Dataset Information
The original ForestCover/Covertype dataset from UCI machine learning repository is a multiclass classification dataset. It is used in predicting forest cover type from cartographic variables only (no remotely sensed data). This study area includes four wilderness areas located in the Roosevelt National Forest of northern Colorado. These areas represent forests with minimal human-caused disturbances, so that existing forest cover types are more a result of ecological processes rather than forest management practices. This dataset has 54 attributes (10 quantitative variables, 4 binary wilderness areas and 40 binary soil type variables). Here, outlier detection dataset is created using only 10 quantitative attributes. Instances from class 2 are considered as normal points and instances from class 4 are anomalies. The anomalies ratio is 0.9%. Instances from the other classes are omitted.
Source (citation)
Liu, Fei Tony, Kai Ming Ting, and Zhi-Hua Zhou. “Isolation forest.” 2008 Eighth IEEE International Conference on Data Mining. IEEE, 2008.

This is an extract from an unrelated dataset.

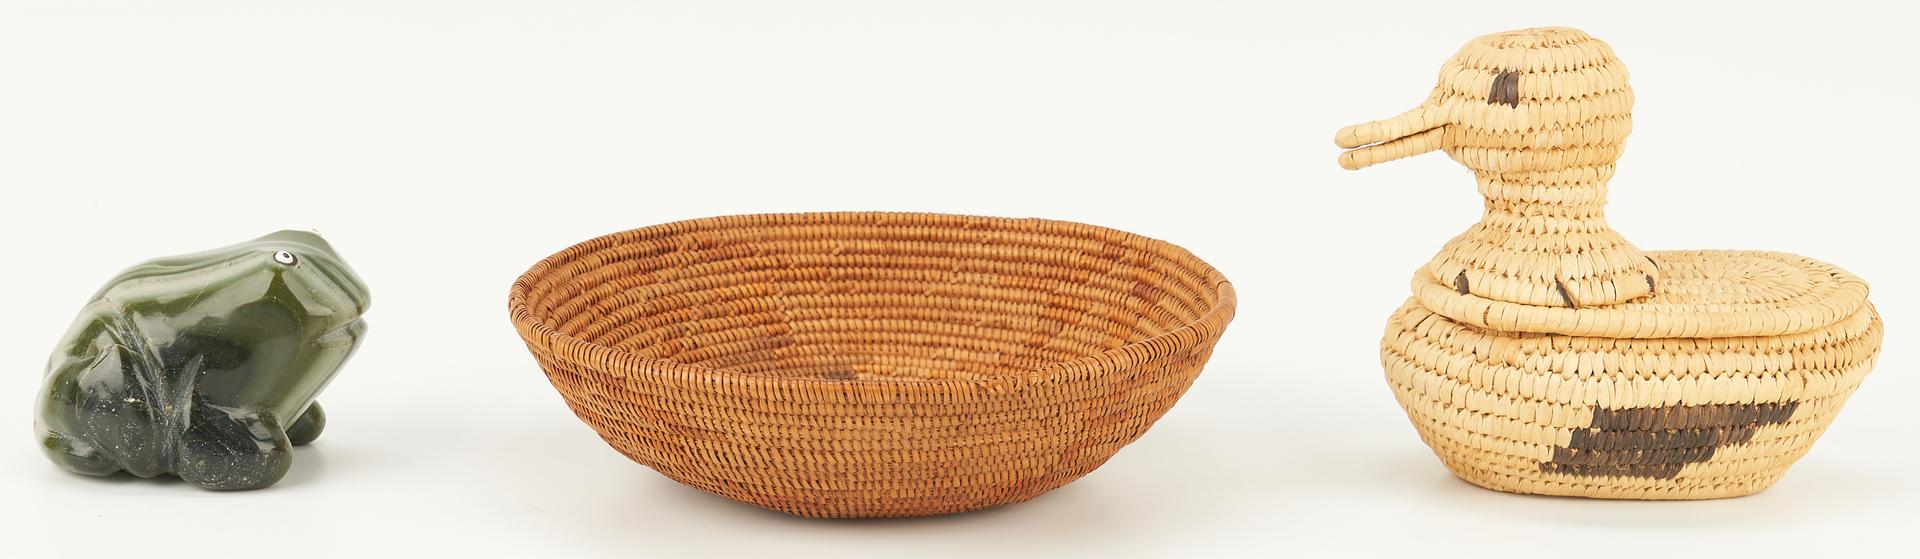 Lot 660: 5 Native American Decorative Items, incl. Papago & Hopi Baskets

K. M. Ting, J. T. S. Chuan, and F. T. Liu. “Mass: A New Ranking Measure for Anomaly Detection.“, IEEE Transactions on Knowledge and Data Engineering, 2009.
Kai Ming Ting, Guang-Tong Zhou, Fei Tony Liu & Tan Swee Chuan. (2010). Mass Estimation and Its Applications. Proceedings of The 16th ACM SIGKDD Conference on Knowledge Discovery and Data Mining 2010. pp. 989-998.
Swee Chuan Tan, Kai Ming Ting & Fei Tony Liu. (2011). Fast Anomaly Detection for Streaming Data. Proceedings of the International Joint Conference on Artificial Intelligence 2011. pp.1151-1156.
Download
File: cover.mat
Description: X = Multi-dimensional point data, y = labels (1 = outliers, 0 = inliers)